Some businesses will have breathed a sigh of relief at news that the revolution has been held back for Making Tax Digital – although not for long. The April 2018 deadline for digital tax compliance was moved to April 2019 after a government review found the pace of change might just be a little too swift for the business world to adapt fully to online accounting. Businesses and landlords will be now be required to use commercial software to maintain their records and to update HMRC quarterly – but only for VAT from next April if their turnover is above the VAT registration threshold. Then, from April 2020 at the earliest, all other taxes, including income tax and corporation tax, will move over to quarterly digitally reporting, apart from the smallest businesses and some landlords who can adopt Making Tax Digital on a voluntary basis.

Will an online tax account make life harder?

One might wonder if this will simply mean more hassle for business owners if reporting is four times a year. Far from it – the reality will mean businesses will not have to complete four tax returns a year, but they will need to provide more regular financial updates online.

I have been working with SME’s for a number of years and it’s my view that Making Tax Digital should be embraced, as waiting until nearer the deadline to transition could cause a real headache. Digital tax reporting presents an opportunity – and here’s why:

  • De-stressing tax

Businesses will submit online accounting data every three months, which means they will no longer have to cram 12 months of work at the end of their financial year. Thereby eliminating the need for ‘binge book-keeping’.

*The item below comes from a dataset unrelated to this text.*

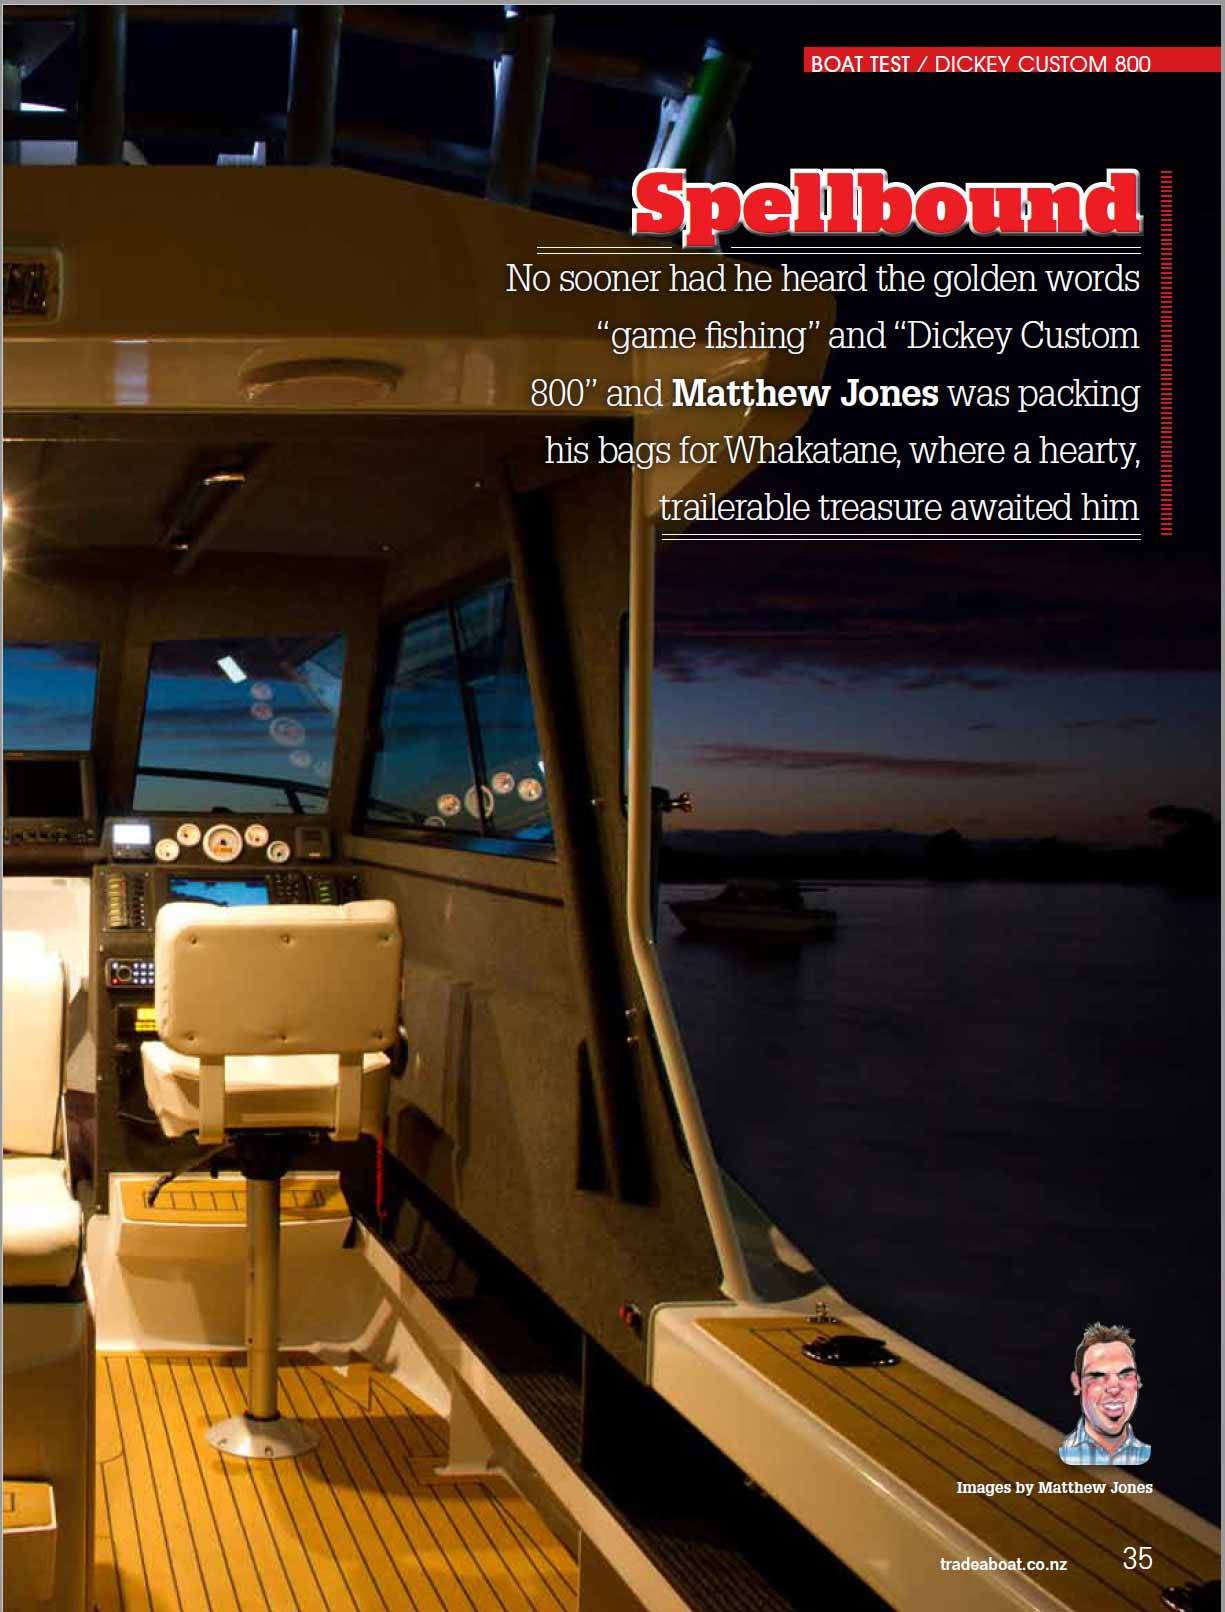 Dickey Custom 800 review - Tradeaboat

  • Close liaison with your accountant

Reporting quarterly may mean working more regularly with an accountant, but will ultimately allow them to better understand the business and how to help it.

  • Fewer surprises

Because tax will be calculated quarterly, there is far less chance of a huge unexpected bill building up.

  • Real-time reporting

By having an online tax account which they can access at any time, business owners will be able to see what information HMRC holds on them and will be able to see whether their details are correct. HMRC will collect and process tax information in real time to help prevent errors and stop ‘tax due’ or ‘repayments owed’ building up.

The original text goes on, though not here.